The wind, the pouring rain, and the sudden gales continued for weeks. The weather turned bitter cold. Unable to hold her course, the Glenalvon ran “by the wind” far to the north. One night in the second week out, a goat froze to death. With only my khaki uniform, I should have suffered the same fate had it not been for the kindness of a shipmate who allowed me to use a “dead man’s gear” which he was afraid to wear.

To tell of all the hardships and misfortunes that befell us during that voyage would make this story too long. We slept in wooden bins on sacks filled with bits of straw and lashed ourselves fast to keep from being thrown out on the deck. The kind of beds we had mattered little, though, for we were not in them much of the time. The food fell so low that we had to get along on half rations; which was well, perhaps, for what was left had been on board more than two years. The biscuits in one cask opened toward the end of the voyage, were stamped with the date of 1878.

Looking forward to an easy passage, the captain had rigged out the ship in her oldest suit of sails. One by one, the fury of the wind tore them to ribbons.

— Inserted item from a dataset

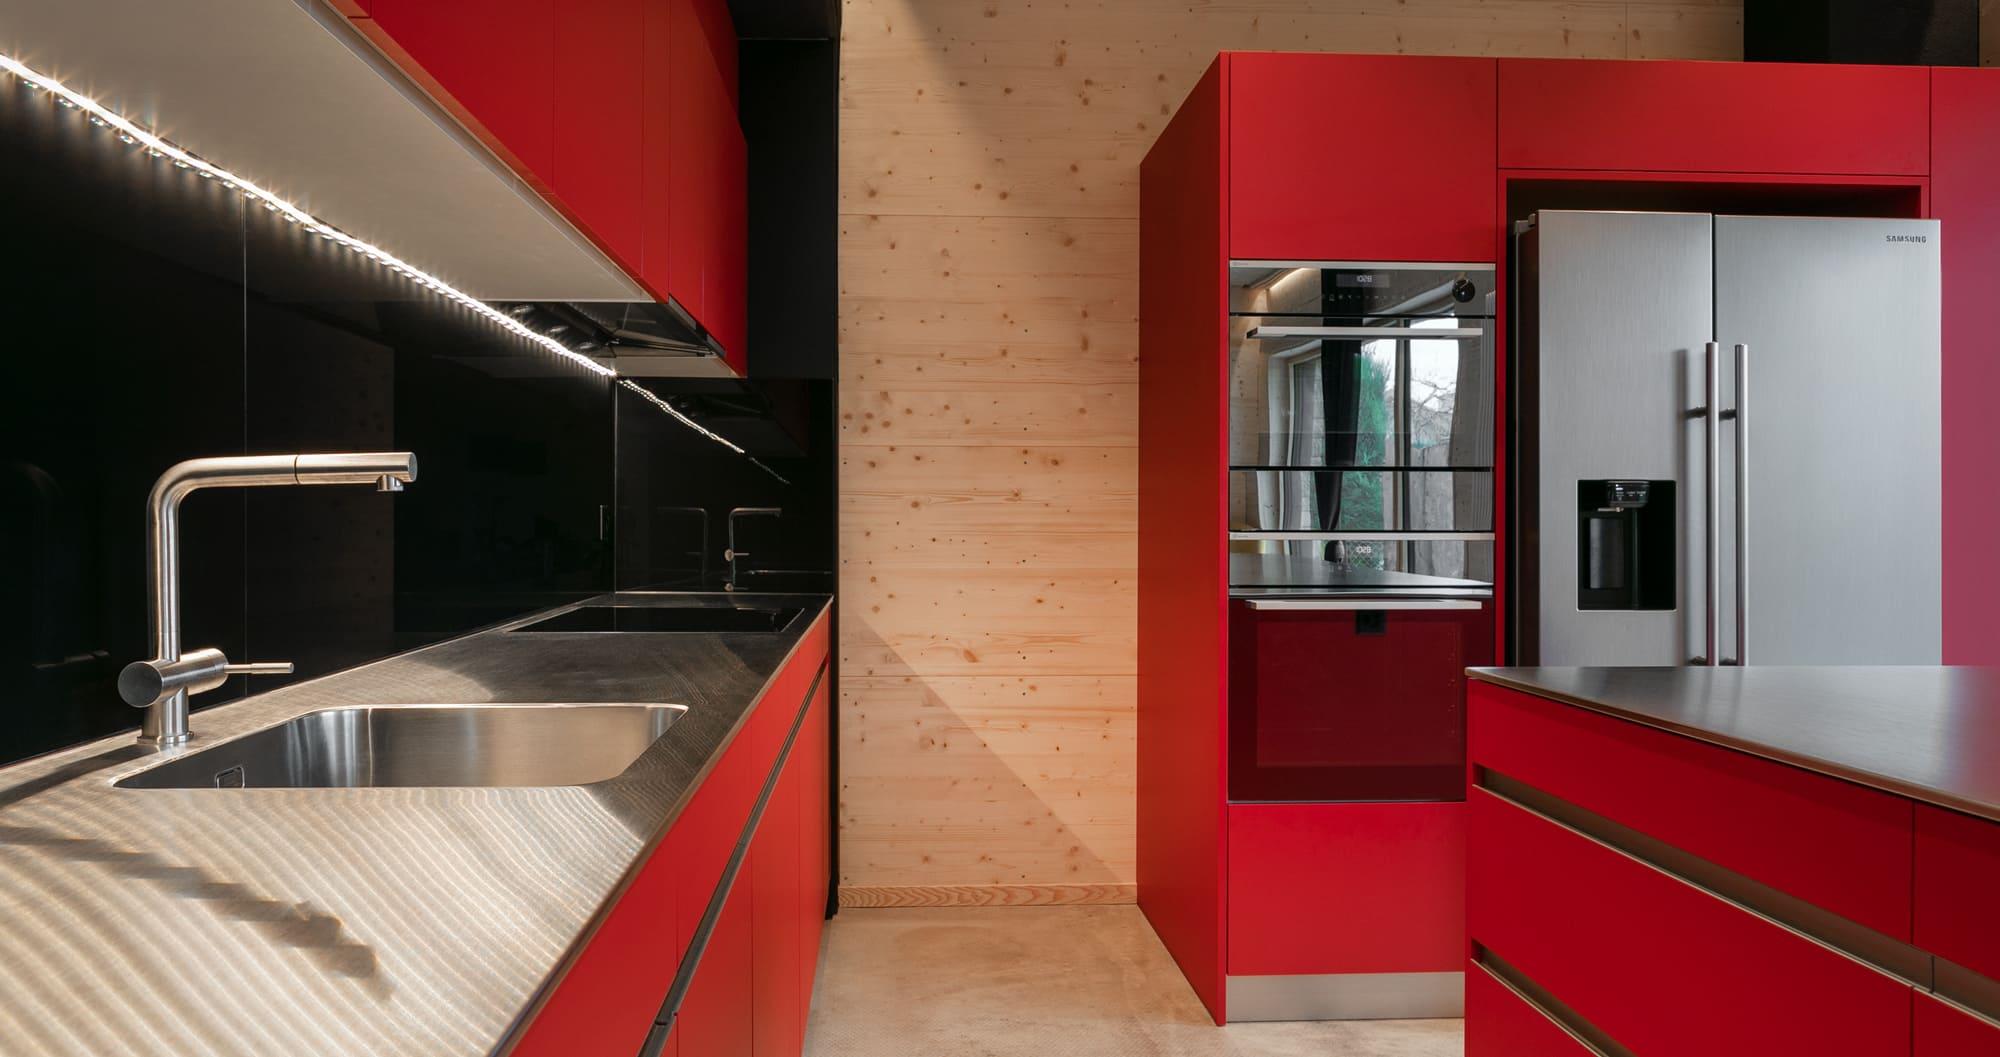 Küche in einer Fabrik rot Gyger Küchen GmbH

The bursting of canvas sounded above the roar of every storm. As each sail went, new ones of double-weight canvas were dragged from the locker and raised on high to the top of the mast. It was dangerous work to hang on away up there while bending a sail on the icy poles, with the wind howling about you, the foot-rope slippery, and every line frozen stiff, while the ship swung back and forth far below like a cork on the end of a stick. Every old sail was carried away before that unchanging wind, and even the new canvas was sometimes split.

On the eighth of September we found that, after all our work, we had covered just sixty miles! But on that day the wind changed, and our vessel caught the breeze on her beam and raced homeward like a steamer.

On the nineteenth day of September some one said that we were nearing port. Several of the seamen declared that the voyage was not half over; but, for all that, everybody began to get excited. In the middle of the afternoon the mate gave an order to get the anchor over the side. He did not have to repeat the command. The men rushed to the work, laughing childishly. In a short time the anchor swung in place, and we waited impatiently for signs of land.

But the best pair of eyes could not have made out a mountain a ship’s length away in the fog that enveloped us. For two days we beat up and down the coast, not knowing just where we were, while the crew nibbled stale biscuits in helpless rage.

On the twenty-first the gale died down to a quieter breeze, and in the early afternoon the fog thinned and lifted, and a mighty cheer from the watch brought every man tumbling from his bunk. A few miles off before us a rocky highland rose slowly, throwing off the gray mist like a giant freeing himself of a flowing garment. A tug hovering near the shore spied the flapping canvas of the Glenalvon, and darted out to meet us. We were near the entrance to Puget Sound.

All night long the tug strained at the ropes of our vessel. In the afternoon we dropped anchor in a quiet bay close off a wooded shore decorated by several wigwams.

The next morning I began work with the crew as usual, and toiled from daylight to dark. No hint that I was to be freed from duty having reached me by the next afternoon, I marched forward and asked for my discharge.

“What’s your hurry?” demanded the captain. “I’ll sign you on at full wages and you can make the trip home in her.”